ISLAMABAD, June 23: The Muttahida Majlis-i-Amal has decided to take its protest against the controversial LFO outside parliament, with the first demonstration being planned in front of the Supreme Court.
MMA’s Liaquat Baloch told a press conference here on Monday that the alliance’s central council, which met in Peshawar, had decided to organize a march from parliament to the Supreme Court building to make an “appeal” to the judges not to accept the three-year extension given to them in their retirement age.
He said the date for the protest march would be announced later, after consulting other opposition parties.
The first MMA convention would be held in July, and from August onwards large-scale protest meetings would be held throughout the country, Mr Baloch said.
He said the government was pushing the opposition parties to go to public and was responsible for creating a constitutional deadlock. The MMA still wanted that all the issues should be decided through dialogue, he added.

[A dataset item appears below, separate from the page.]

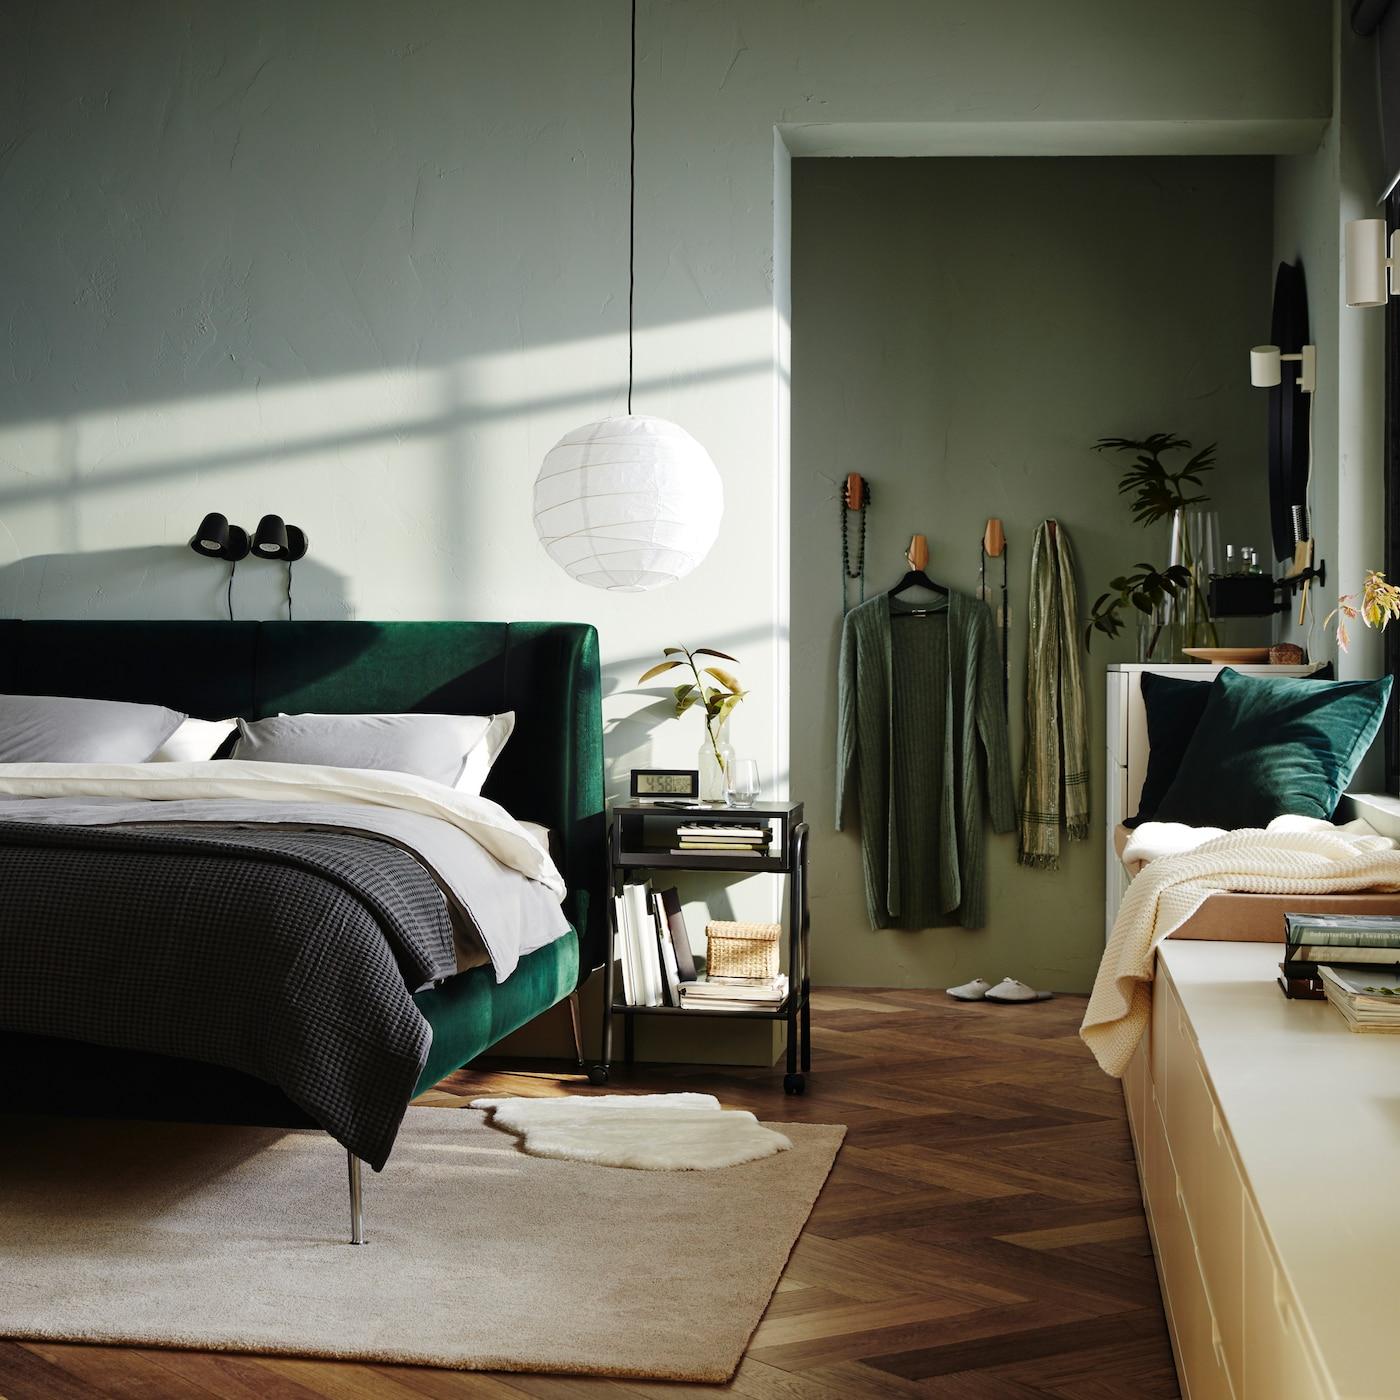 Buy Bedroom Furniture Online UAE - IKEA

Asked if the MMA leaders would appear before the Supreme Court which has accepted for hearing a constitutional petition challenging the educational qualification of 68 MMA lawmakers, he said a decision would be taken after talking to the heads of religious institutions. He said such a meeting was slated to be held on Tuesday.

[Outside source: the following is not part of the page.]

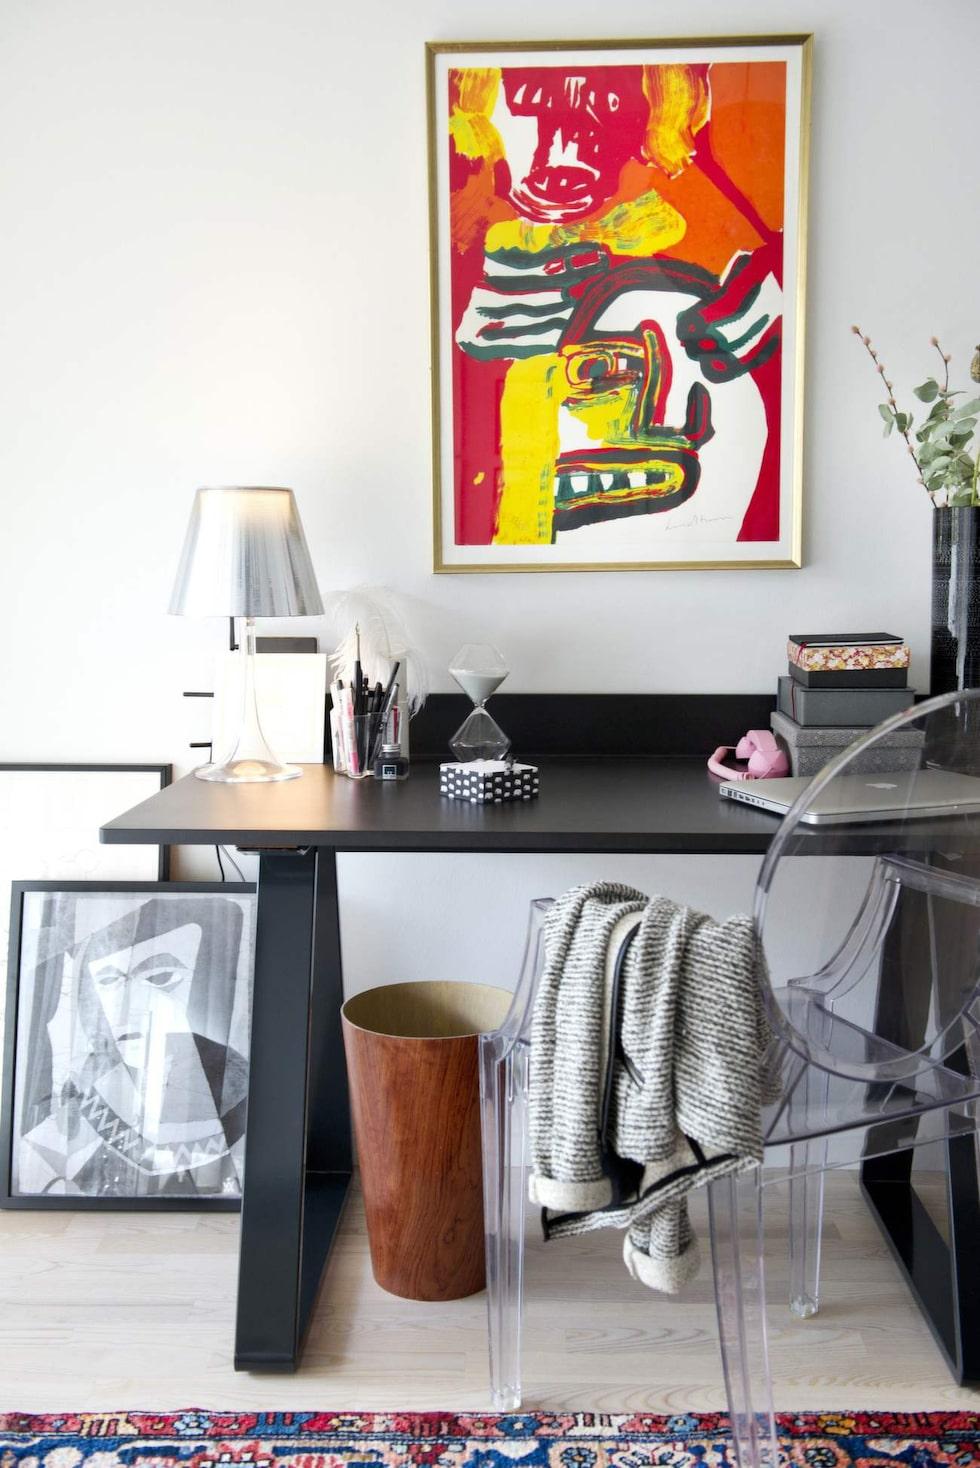 I hemmakontoret blandas arvegods med klassiker. Stol och bordslampa från Kartell. Skrivbord från Asplund. Papperskorg i mahogny, designad och tillverkad av Catrines farfars bror som var designer på 50-talet. Tavla på väggenav Bengt Lindström, på golvet syns Vega Åbergs, Catrines farmors, verk.

The MMA leadership, he said, believed that the government was trying to blackmail it by challenging their educational qualification, but the alliance would never give in to this blackmail.
He said the MMA central council expressed complete solidarity with the NWFP government, and congratulated it for passing the Shariat Bill. He said the MMA leadership asked the NWFP government to table the Hisba Bill in the provincial assembly.
He said the MMA’s central council condemned the federal government’s action against the provincial government, and vowed to protect it against any federal government move.
He asked the federal government to pay royalty of Rs17 billion to the provincial government, and allow it to work under the constitutional limits.
He said the LFO was illegal, and efforts for the revival of the Constitution would continue. He said the MMA would not accept a uniformed president, the National Security Council, and insertion of Article 58(2)(B) in the Constitution. He said that on June 28, the opposition parties would first assemble in the parliament lodges and from there they would go to the National Assembly and take part in the no-confidence proceedings against the Speaker.